XXIII. Второй съезд

We use cookies. Read the Privacy and Cookie Policy

XXIII. Второй съезд

1

Где стол был яств, Там гроб стоит…

Эти строки Державина в полной мере можно отнести ко Второму съезду, если сравнить его с Первым. Из уст в уста передавались язвительные строки:

От первого до второго —

От Горького до Суркова.

На Первом съезде основной доклад делал Горький, на Втором — Сурков.

Если в самых общих чертах сопоставить эти съезды, окажется: что на Первом съезде (при всех отклонениях) речь шла все-таки о «собственно литературе», а на Втором о ее вторичном, агитационно-административном существовании. Стенная газета, в которой кто-то осмелился заметить, что съезд проходит «шолоховато», была снята через несколько часов, а между тем остроумное замечание метко определило атмосферу. Но находились уже и тогда писатели, которые требовали перемен, подводя строгие итоги минувшего двадцатилетия. Среди них на первом месте надо назвать Паустовского, которому не дали слова. Это было сделано просто: многие просили слова, список все удлинялся, его фамилию поместили где-то в конце, а потом было предложено прекратить прения. Предчувствуя эту возможность, несколько писателей — я был в их числе — отправились в президиум и попросили Симонова позаботиться о том, чтобы Константин Георгиевич получил слово. Симонов почему-то встретил нас очень весело, пообещал сделать все, что от него зависит, — и, разумеется, ничего не сделал.
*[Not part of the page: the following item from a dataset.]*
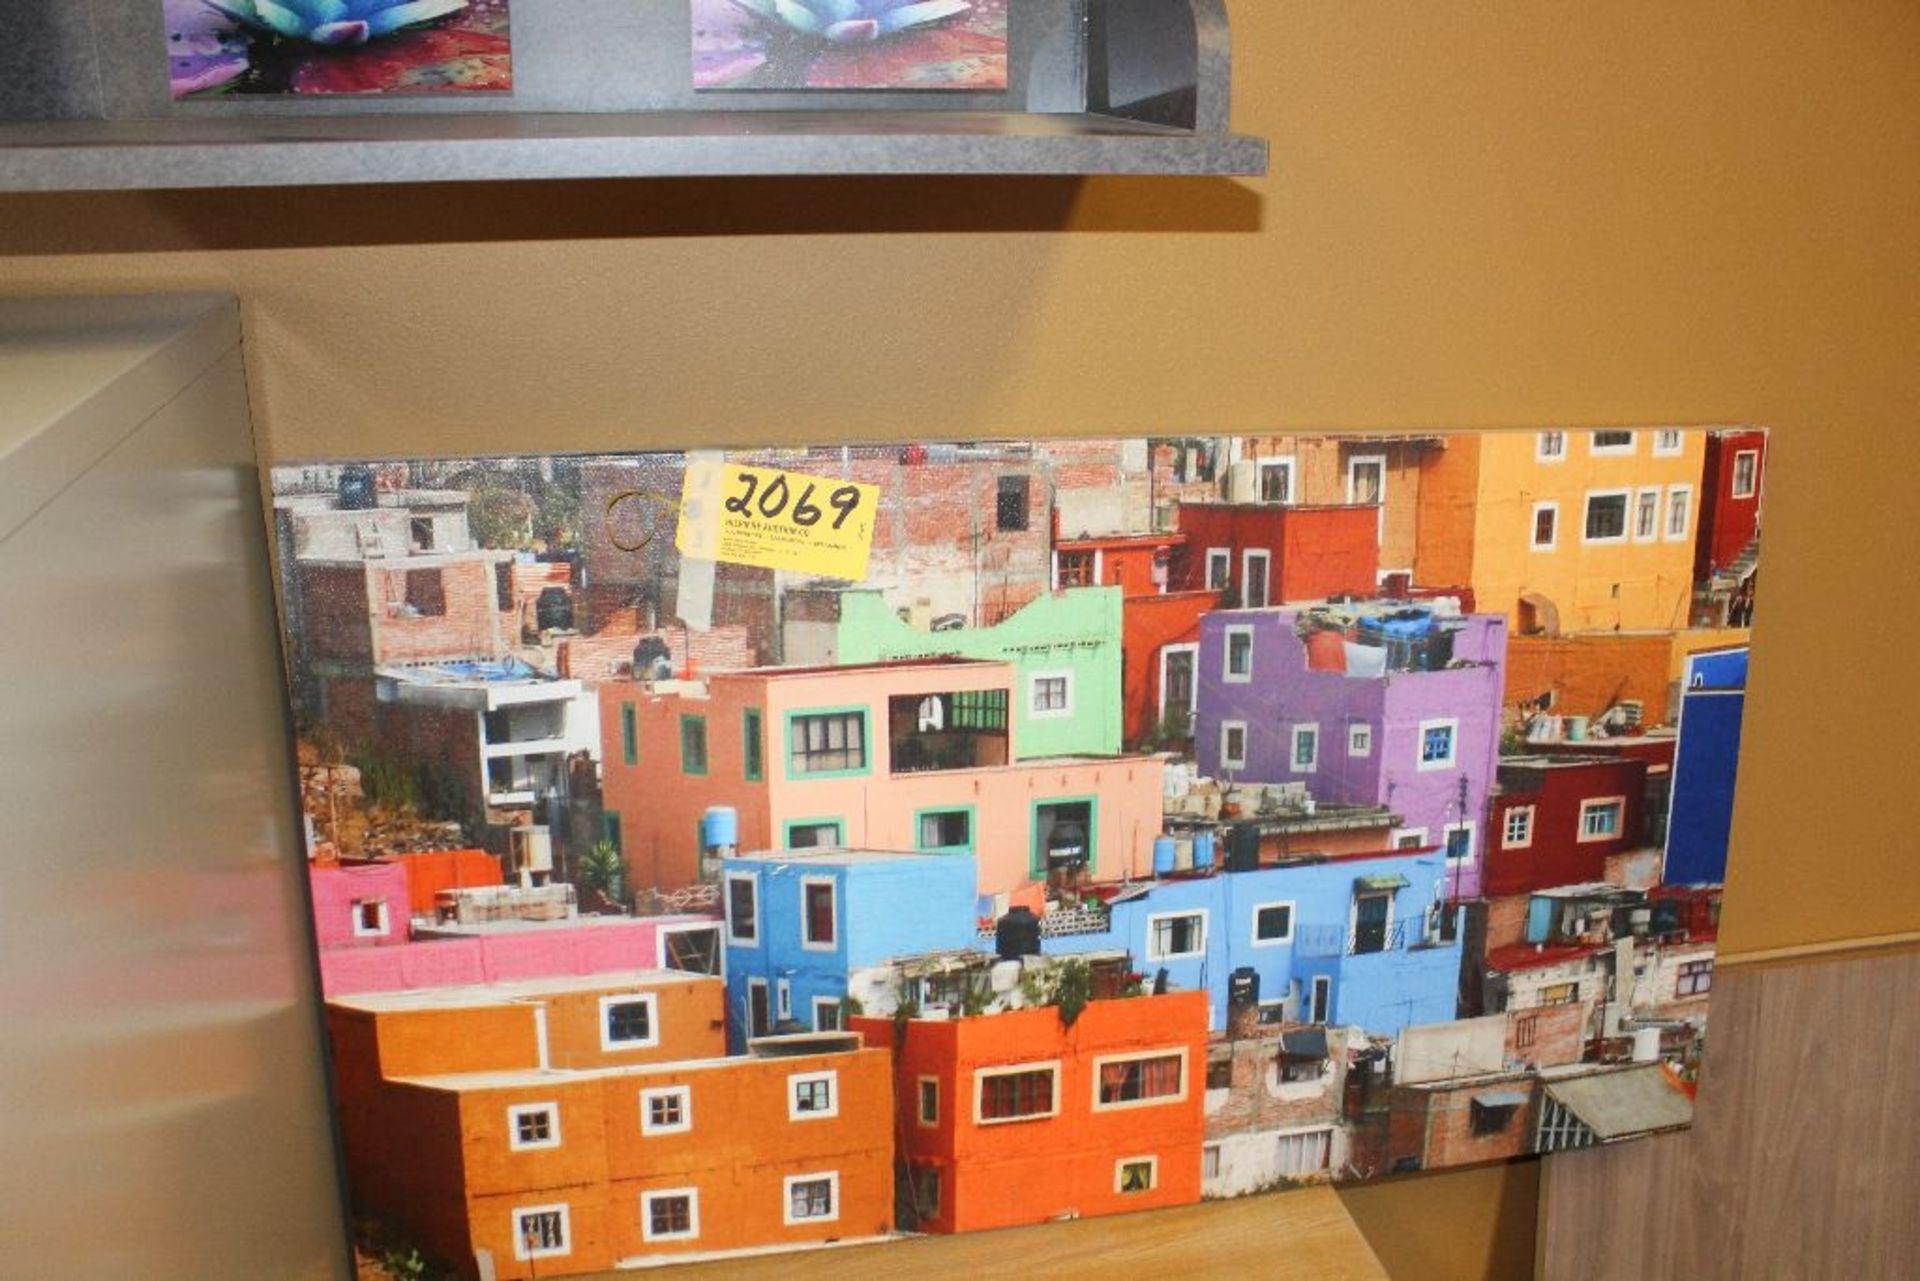 Lot 2069 - City Apartment scene.

Паустовский хотел говорить о литературном языке, в который неудержимо врываются канцеляризмы, о праве искусства на независимость, без которой оно превращается в рупор пропаганды… В декабре 1953 года появилась статья В.М.Померанцева «Об искренности в литературе» (Новый мир. № 12) — статья, которая более чем сдержанно напомнила о том, что писатель не может лгать, потому что литература основана на правде.

Как ни странно, эта статья, почти детская по своей самоочевидности, показалась отчаянно смелой. Еще бы! За двадцать лет так изолгались, так извертелись, называя белое — черным, так привыкли бояться самого понятия «искренность», что нечего было и ожидать, что подобная статья обойдется без резких возражений. Они и посыпались со стороны тех, кто старательно занимался украшательством под флагом социалистического реализма.

Паустовский хотел вернуться к вопросу об «искренности», но в более высоком, объективном плане. Не искренность — честность — вот единственная возможность, которая могла предотвратить превращение литературы в служанку государства.

Теперь мы хорошо знаем, что непроизнесенные речи подчас играют в нашей общественной жизни большую роль, чем произнесенные. На Втором съезде произошло именно это. Самый факт — наша делегация и ложное обещание Симонова — прошли незамеченными. Но речь существовала, содержание ее было известно — конечно, далеко не всем. Однако уже действовала небольшая группа писателей, которая поддерживала Паустовского и которая как бы незримой стеной отделяла себя от официальной литературы. Можно не сомневаться, что его поддержали бы Э.Казакевич, А.Крон, Б.Пастернак, Л.Славин, А.Тарковский, К.Чуковский, В.Шкловский, И.Эренбург, А.Ахматова, Л.Рахманов, Е.Шварц — короче говоря, все истинные писатели. Отмечу и еще один определяющий признак. Цитирую:

«Председатель. Слово имеет Михаил Шолохов. (Длительные, бурные аплодисменты. Все встают)» (Стенографический отчет, с. 374).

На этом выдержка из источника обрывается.